1Department of Radiology and Imaging Sciences, University of Utah, Salt Lake City, UT, United States, 2Siemens Medical Solutions USA, Inc., Salt Lake City, UT, United States, 3Department of Bioengineering, University of Utah, Salt Lake City, UT, United States, 4Department of Electrical and Computer Engineering, University of Utah, Salt Lake City, UT, United States

Synopsis

Characterizing the mechanical properties of tissue during focused ultrasound ablative therapies could provide useful information for pretreatment planning and treatment endpoint assessment. In this work we present a 3D MR acquisition capable of measuring propagating shear waves from a spatially distributed collection of focused ultrasound generated acoustic radiation force impulses. This new multi-point shear wave elastography technique is demonstrated and compared to conventional MR elastography.

INTRODUCTION:

MR elastography (MRE) uses mechanical excitation and precisely synchronized motion encoding gradients to non-invasively measure the mechanical properties of soft tissues.1 Mechanical excitation can be achieved using an external oscillating source2 or the acoustic radiation force (ARF) generated by a focused ultrasound (FUS) sonication.3,4 Here we present an efficient 3D MR acquisition capable of measuring the transient shear wavefront propagation from multiple, spatially distributed, ARF pulses. This new multi-point shear wave elastography (MPSWE) technique is demonstrated in phantom and ex-vivo experiments. The MPSWE method may be particularly useful at assessing mechanical changes in tissue due to MR-guided FUS therapies—the same transducer used to perform ablation can also be used as a mechanical excitation source for the elastography measurement.

METHODS:

For the MPSWE acquisition (Figure 1), four motion encoding gradient (MEG) lobes along the FUS beam direction were added to a 3D gradient echo segmented EPI pulse sequence. Optical triggers synchronized the short ARF pulse to start a time θ before the start of the first MEG lobe. The first MEG lobe encodes the position of the initial ARF impulse. Lobes 2, 3, and 4 sample the propagating shear wavefront at times (θ+Δt/2, θ+3Δt/2, θ+5Δt/2) where Δt is the center-to-center spacing between MEG lobes. ARF impulses at different spatial locations were interleaved on a TR level using methods described previously.5,6 Phase difference images between each ARF image and the “off image” were generated.

Figure 2 depicts how shear wave velocity is extracted from the multi-point data. The propagating shear wavefront is visible as alternating positive and negative rings in the phase difference images (Fig. 2a). Normalized 2D cross-correlation template matching was used to extract the initial ARF impulse location for each ARF point. Using this position as the source of the emanating wave, 1D template matching was used to automatically determine the position of each shear wavefront along each radial line (Fig. 2b). Shear wave velocity was calculated by dividing the distance between adjacent wavefronts by the MEG spacing (Δt). A composite shear wave velocity map was generated using the median combination outlined in Figure 2.

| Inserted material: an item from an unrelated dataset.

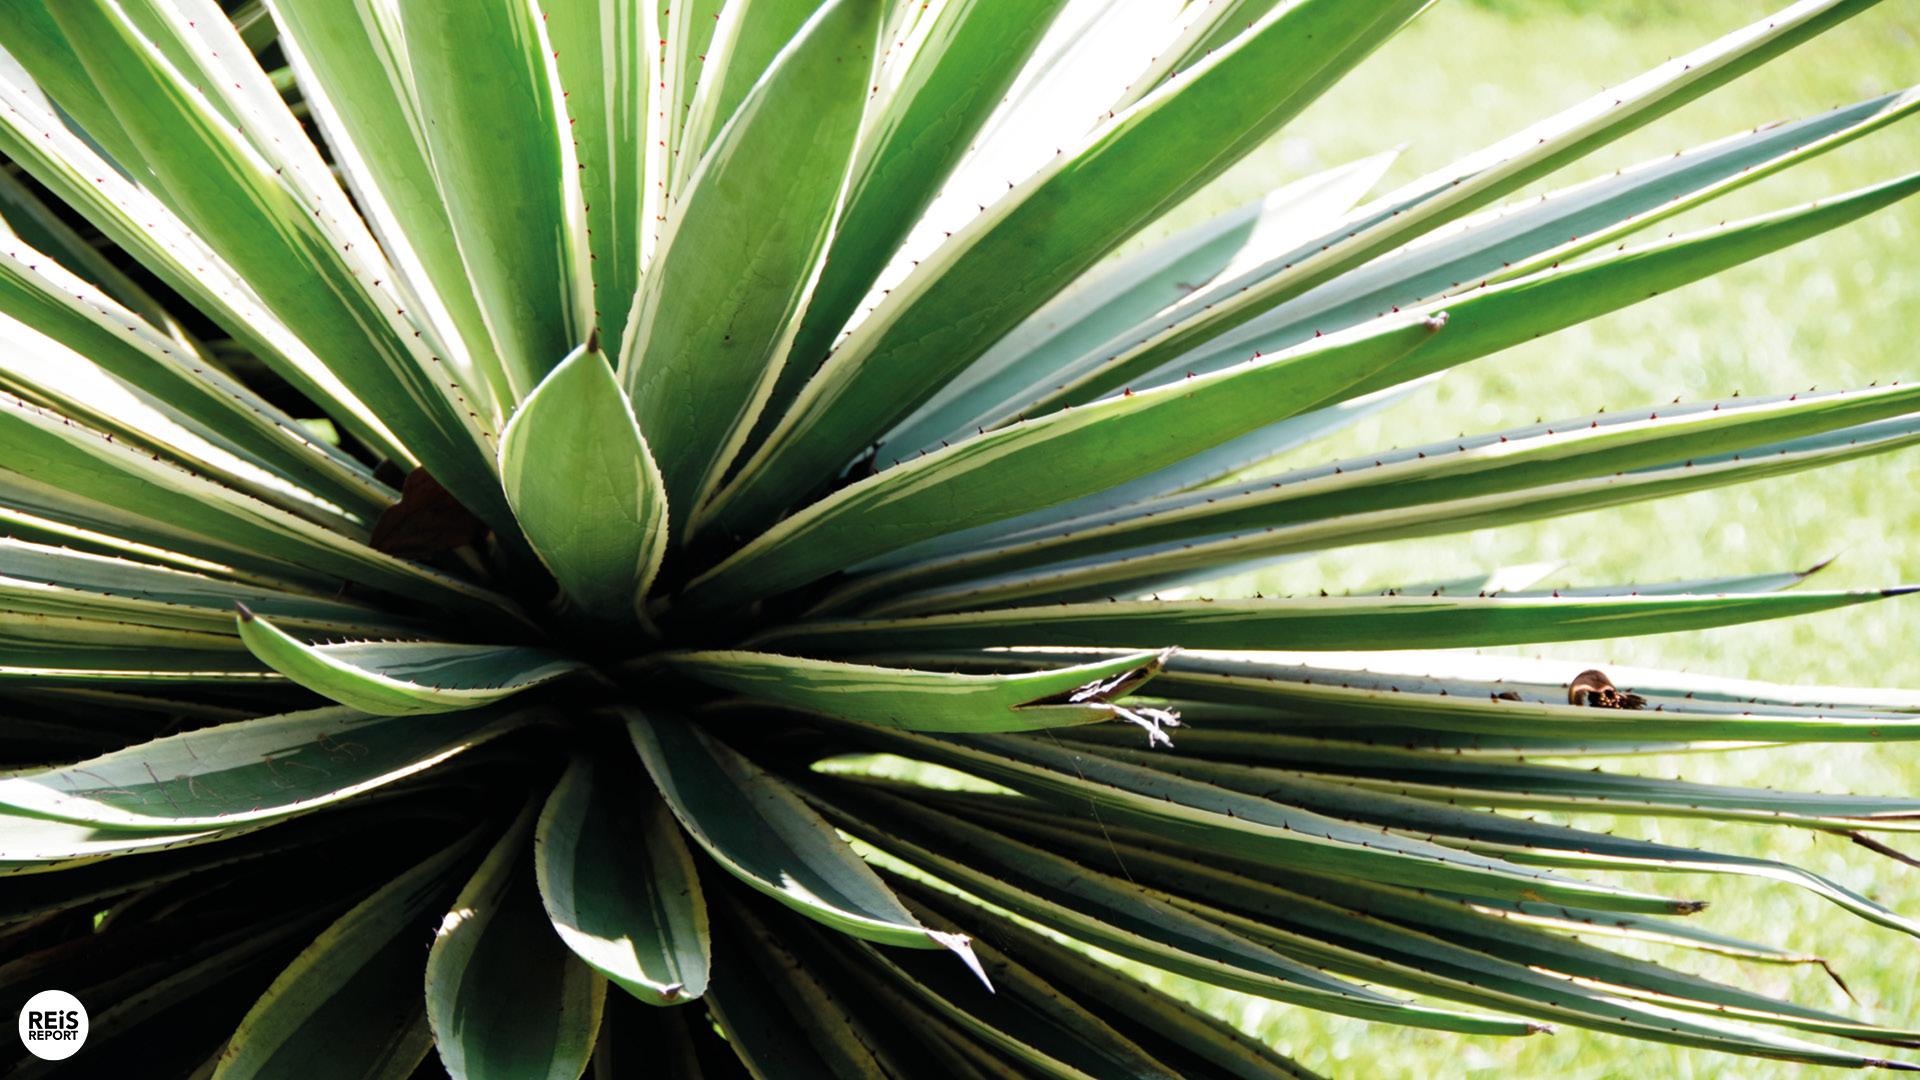 kandy botanische tuin
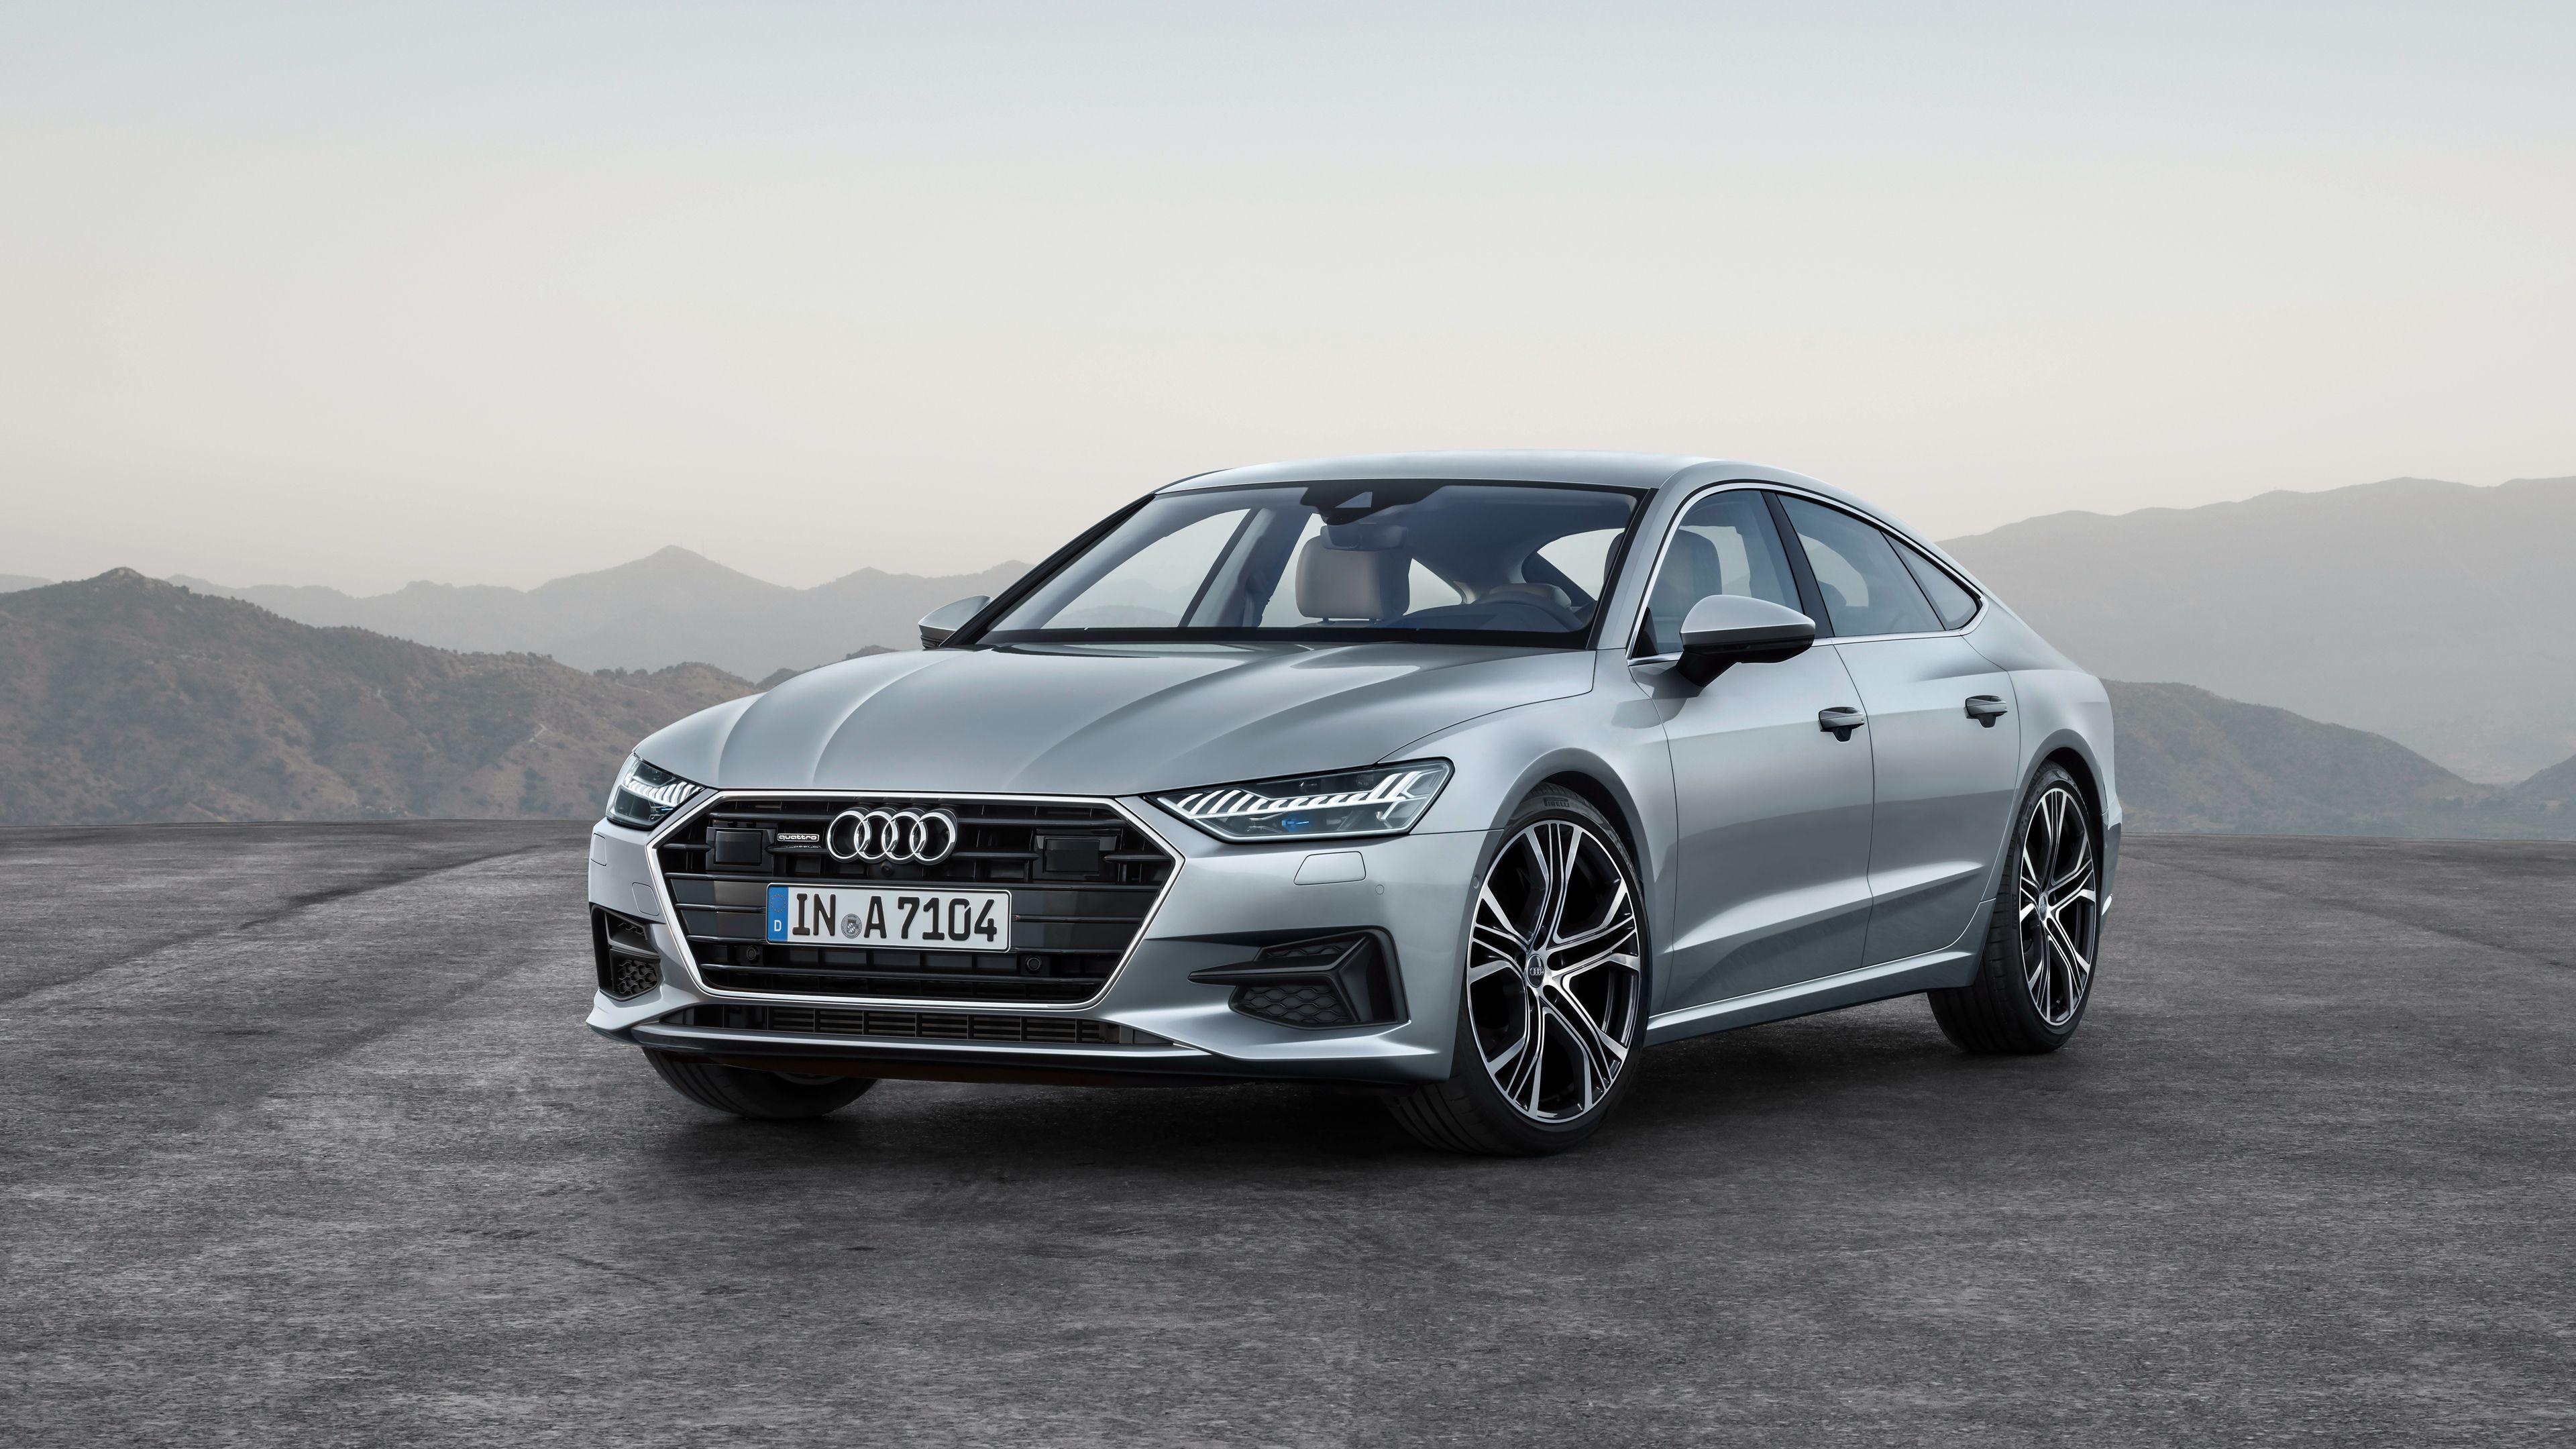 Audi A6 2021 Wallpapers Wallpaper Cave

MPSWE experiments in gelatin phantoms7 (one homogenous and one dual-stiffness) and ex-vivo bovine liver were performed using a 256-element 13-cm focal length FUS transducer (Imasonic, Besançon, France). A single loop or a 5-channel custom-built receive RF-coil was used to acquire the MR signal. MR imaging was performed using a 3 Tesla scanner (Siemens MAGNETOM PrismaFIT, Erlangen, Germany). For each shear wave velocity acquisition, 16 uniformly spaced ARF points (4x4 grid covering a 15x15mm grid) were used. For comparison purposes conventional MRE using a prototype single-shot 2D spin echo EPI MRE sequence was also performed on the gelatin phantoms. The sequence was synchronized to a pneumatic mechanical driver (Resoundant, Rochester, MN) which produced a harmonic 100Hz wave excitation in the gelatin. Detailed MPSWE and MRE acquisition parameters are shown in Table 1.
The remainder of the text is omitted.